At September 30, 1997, long-term liabilities were $123,809 compared to 
$145,639 as of March 31, 1997. This reduction reflects continued payments 
on related party notes payable and long term debt.  These numbers reflect 
that the Company does not carry long term debt to fund business operations.


Stockholders equity as of September 30, 1997 has increased to $8,782,571 
over the six month period from March 31, 1997 to September 30, 1997.  The 
increase reflects the Capital contributions to fund pre-production runs and 
the initial inventory build-up requirements of the C-3D product.


Results of Operations

The unaudited financial statements, as of September 30, 1997, reflect the 
consolidated financial position of the Company and its subsidiary entities.
March 31, 1997 totals have also been consolidated.  For the six month period
ending September 30, 1997, the Company shows total gross revenue of $594,093
compared to $247,581 for the previous six month period ended 
September 30, 1996; an increase in gross revenue of $346,512.

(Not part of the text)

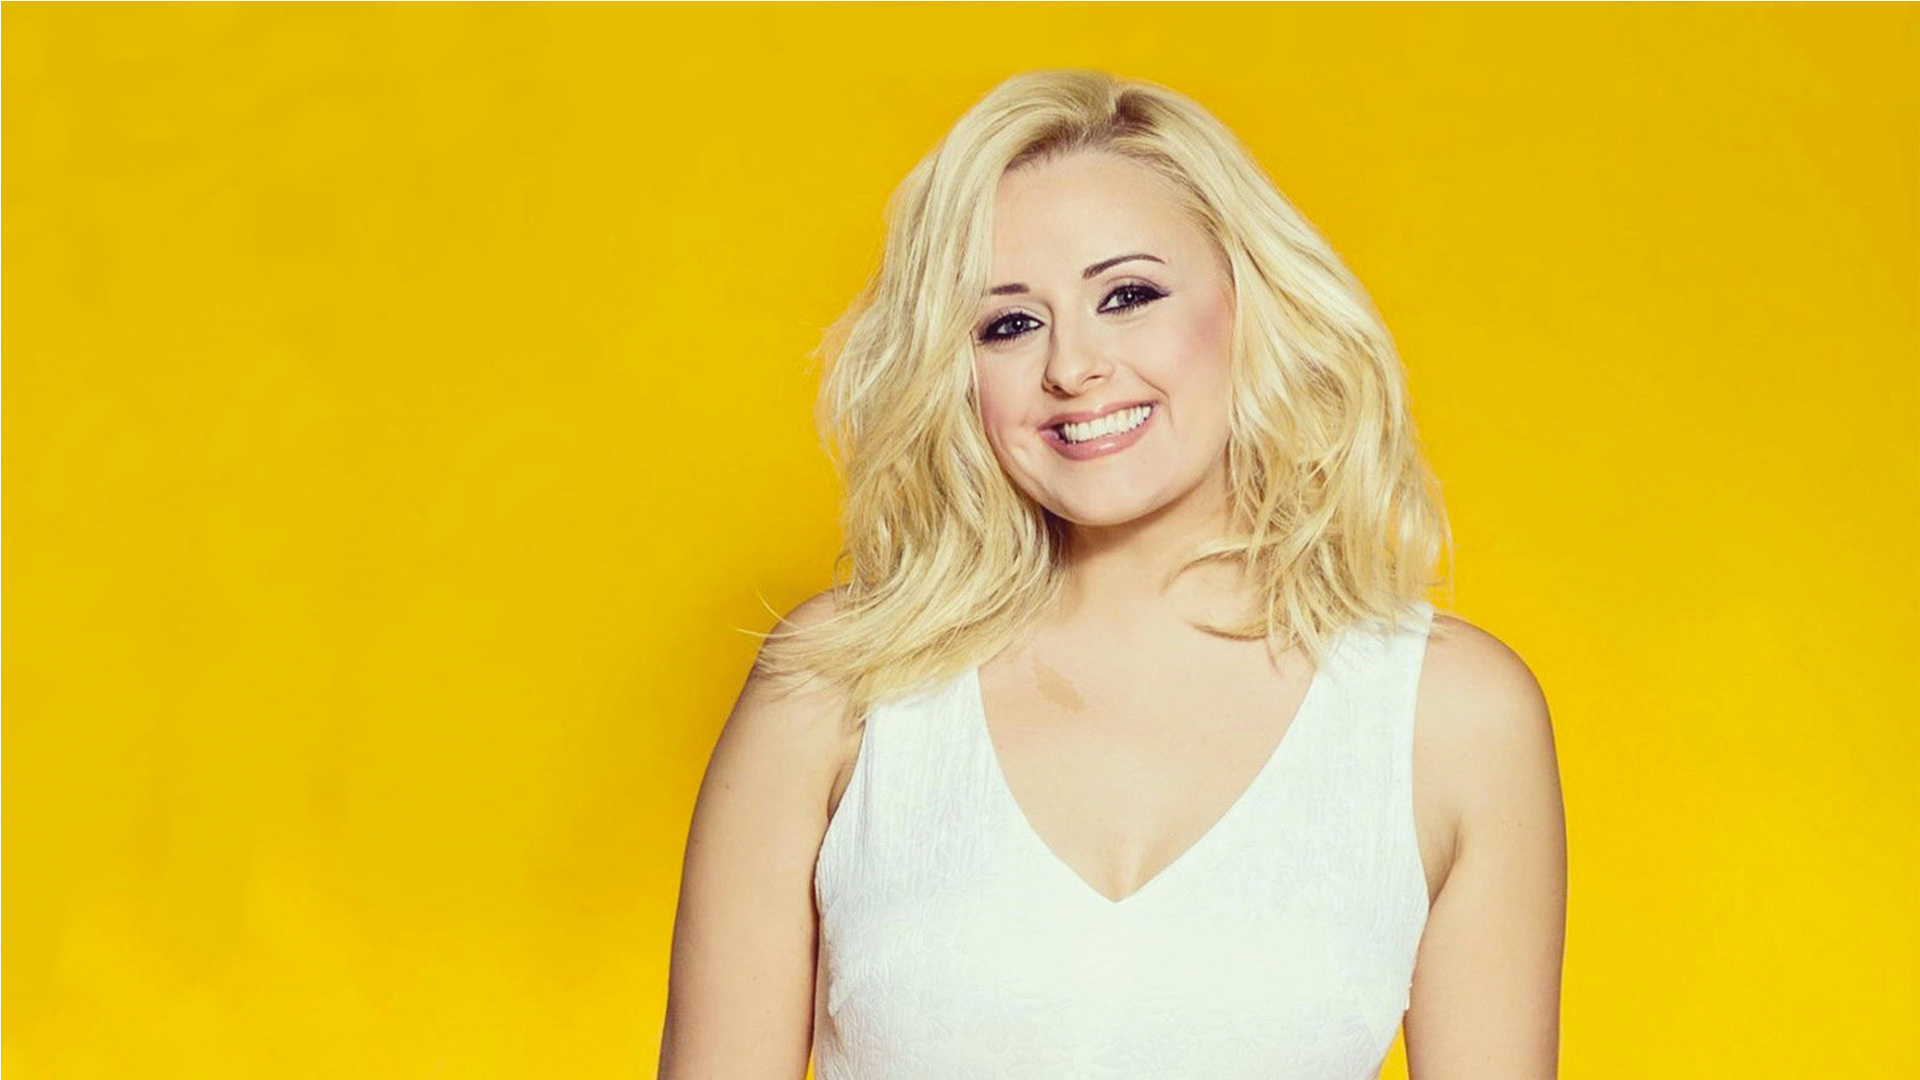 Katie Thistleton smiling and wearing a cream dress against a yellow background

Total expenses for the six month period ended September 30, 1997 increased 
to $2,350,110.  The increase in expense is attributed to the increase in the
marketing and national ad campaign for the C-3D product.  The combination of
increased revenue and increased expenses resulted in a net loss of $988,313 
for the period ended September 30, 1997.

The loss for this six month period is mainly attributed to the 
pre-production, national ad campaign and promotional expenses associated 
with the C-3D product and purchase of the world wide license.  The Company 
invested over $1,000,000 in pre-production, marketing, ad campaign and 
promotional activities for the six month period ended September 30, 1997, 
and expects these expenses to continue to increase through the early adopters
stage of the C-3D product.


PART II - OTHER INFORMATION

Item 5.  Other Information

At the regular scheduled Annual Shareholder's Meeting held August 9, 1996 at
the Registrant's corporate headquarters in Salt Lake City, Utah, an Amendment
to the Articles of Incorporation of the Registrant to change the name 
Automated Compliance & Training, Inc., to Chequemate International, Inc. 
was presented for a vote with an affirmative vote of at least a majority 
needed to effect the Amendment.  The Amendment was passed with an effective 
date of September 1, 1996 on the affirmative vote of 9,147,042 shares.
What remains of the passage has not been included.